Data provided
• • •

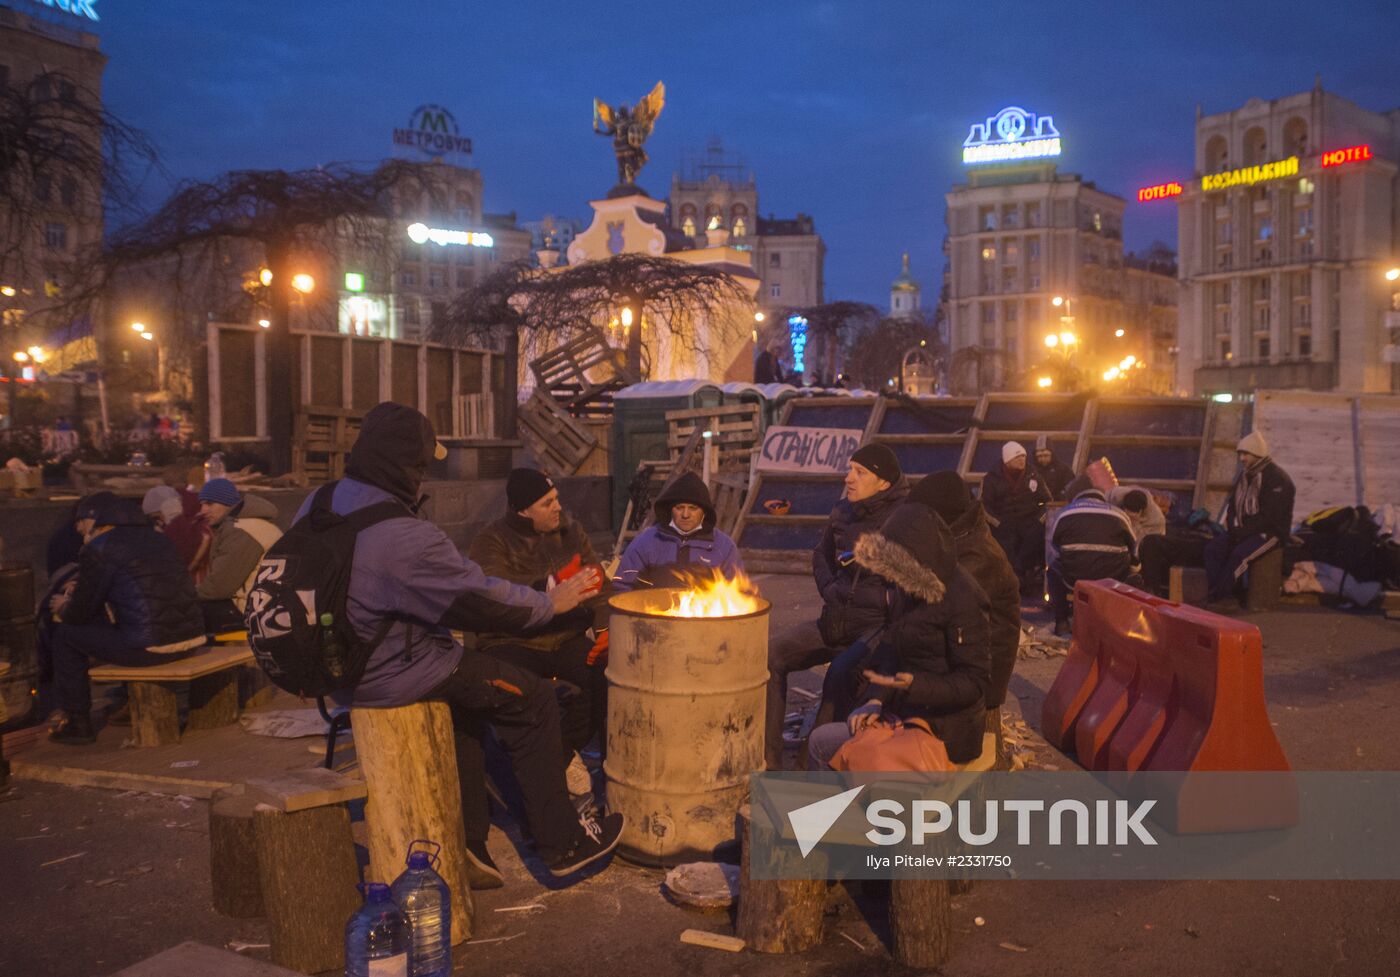 EU integration supporters rally in Kiev
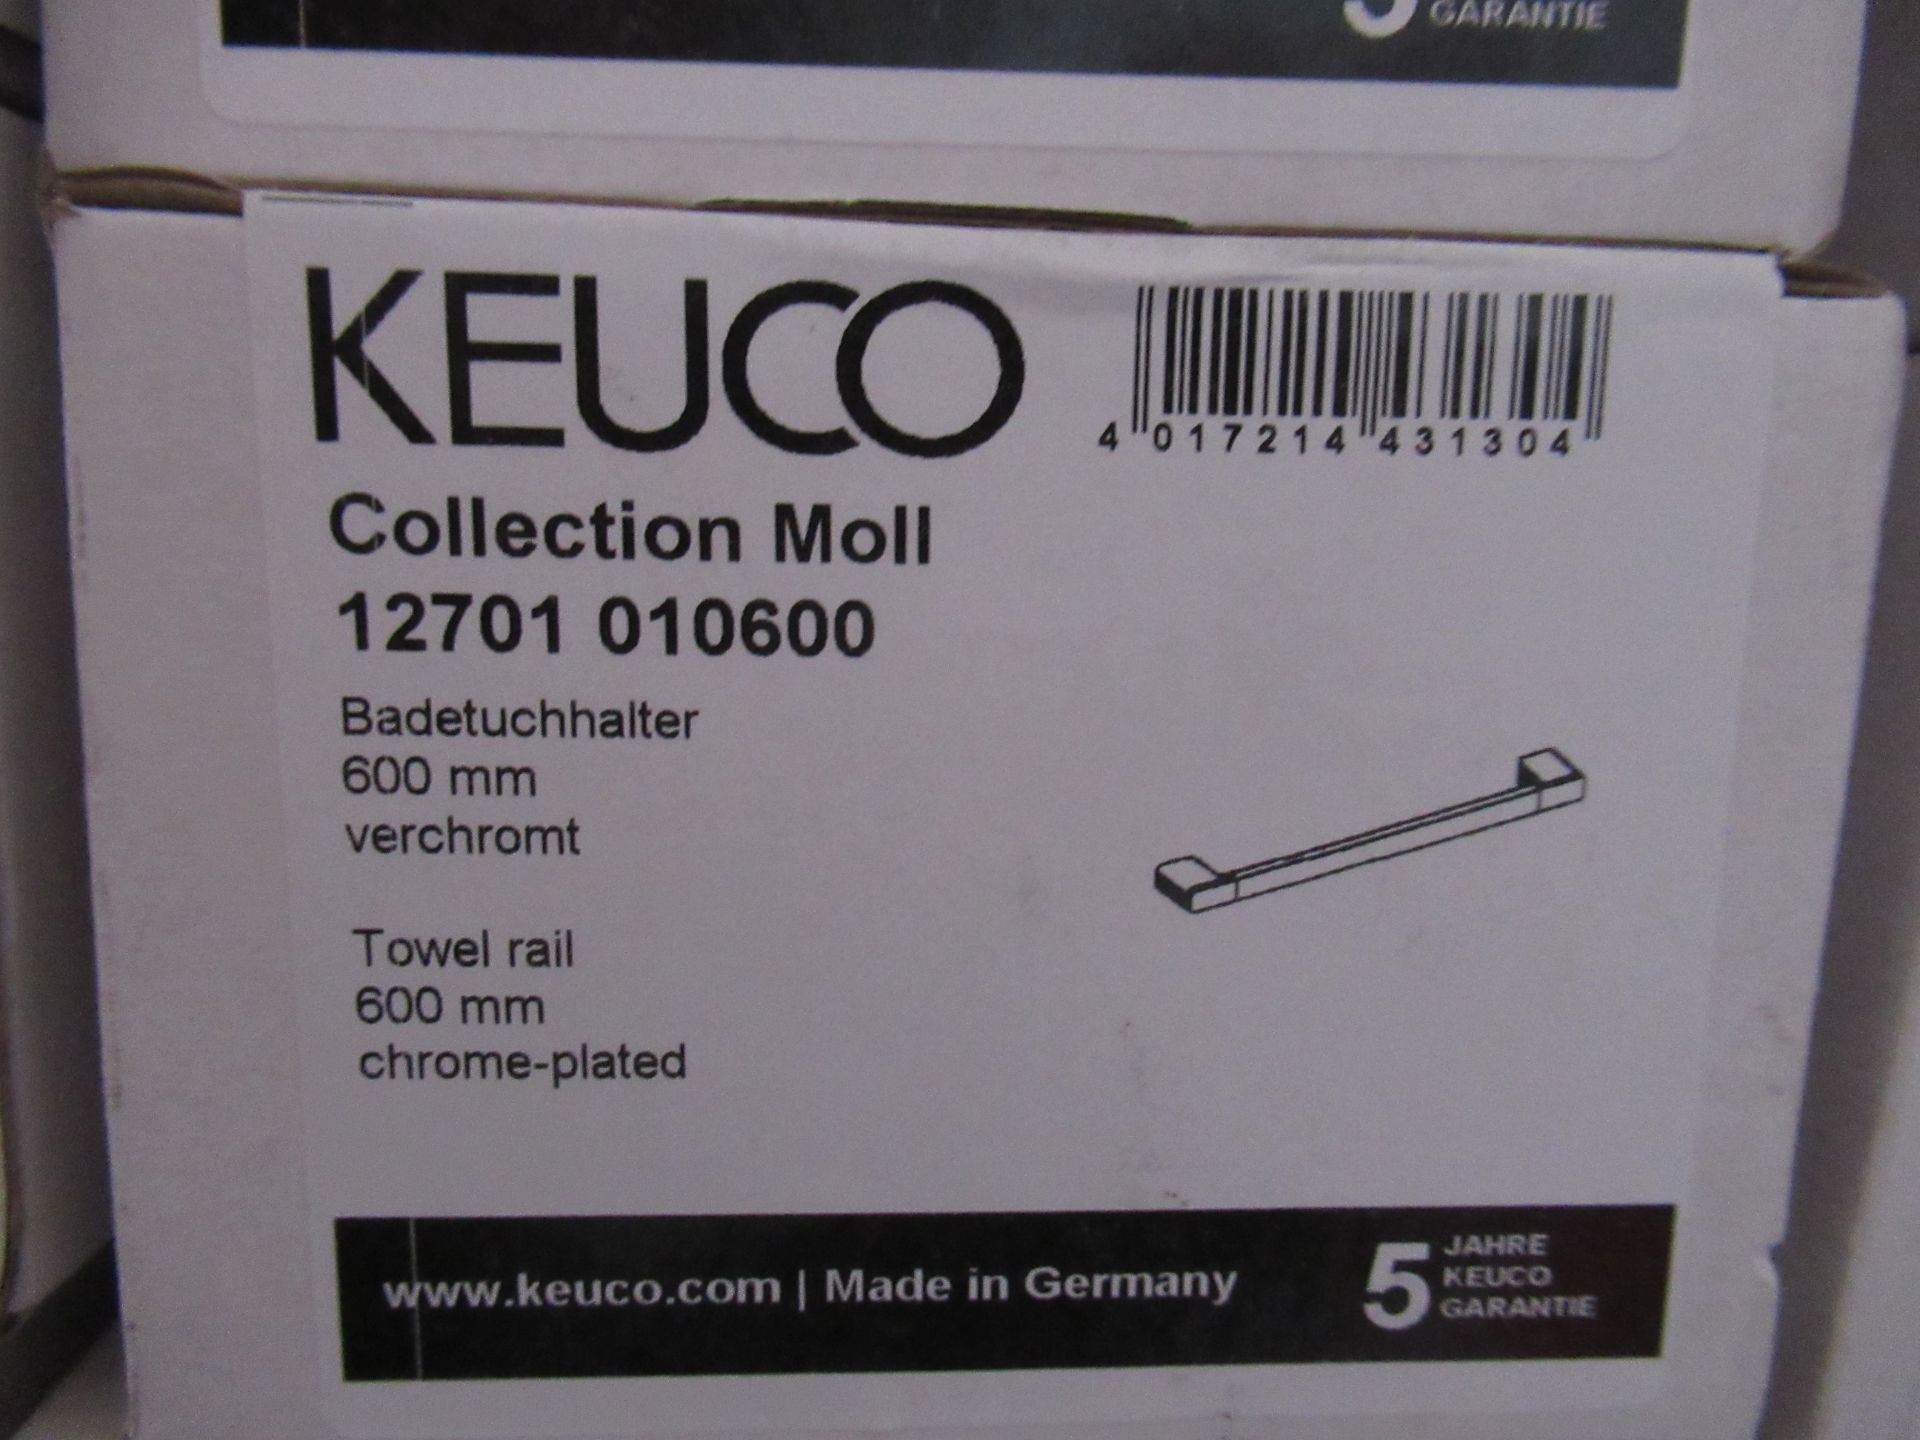 3 x Keuco Collection Moll Towel Rail Chrome Plated, P/N 12701-010600 - Image 2 of 2
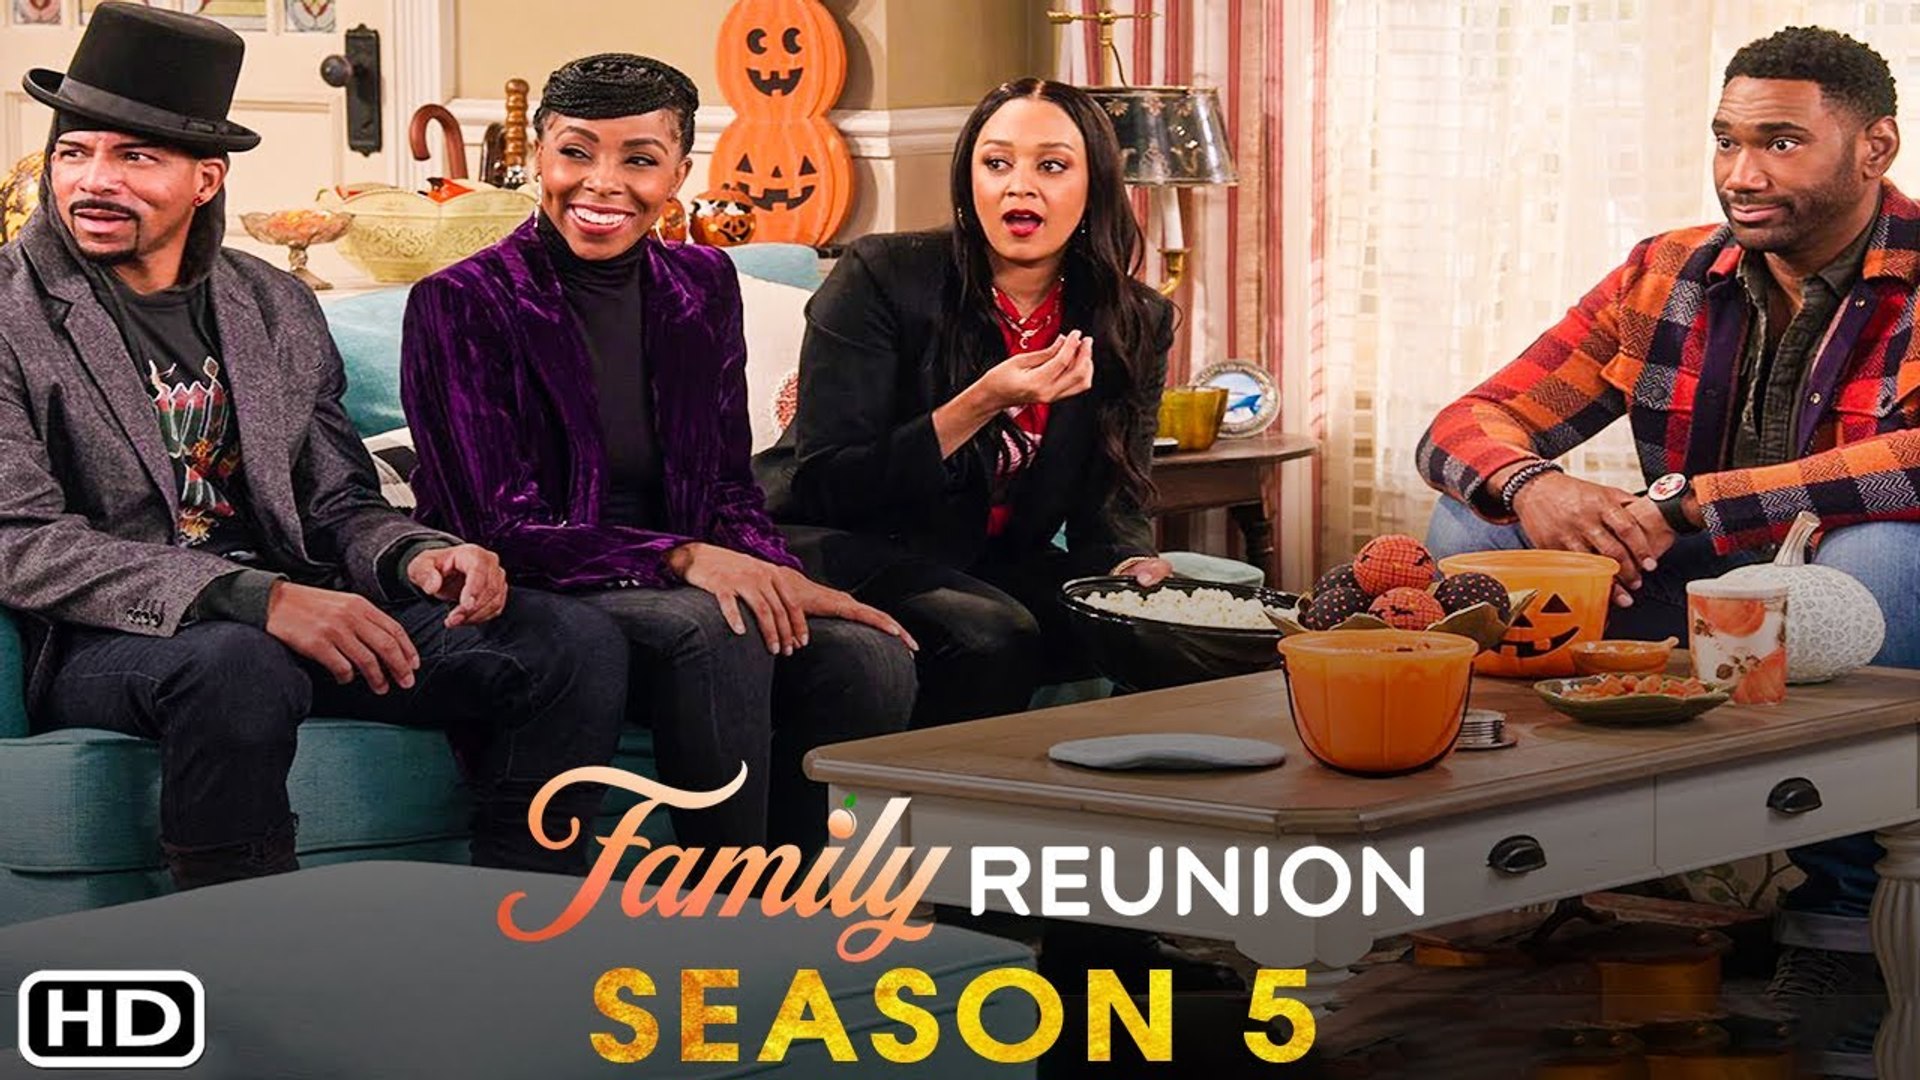 Family Reunion Season 5 Trailer (2021) - Netflix, Release Date, Family  Reunion Part 5 Teaser, Promo - video Dailymotion

• • •

Your goal
Output the data above in full and exactly, with every image left out.

Written response
 EU integration supporters rally in Kiev
 3 x Keuco Collection Moll Towel Rail Chrome Plated, P/N 12701-010600 - Image 2 of 2
 Family Reunion Season 5 Trailer (2021) - Netflix, Release Date, Family  Reunion Part 5 Teaser, Promo - video Dailymotion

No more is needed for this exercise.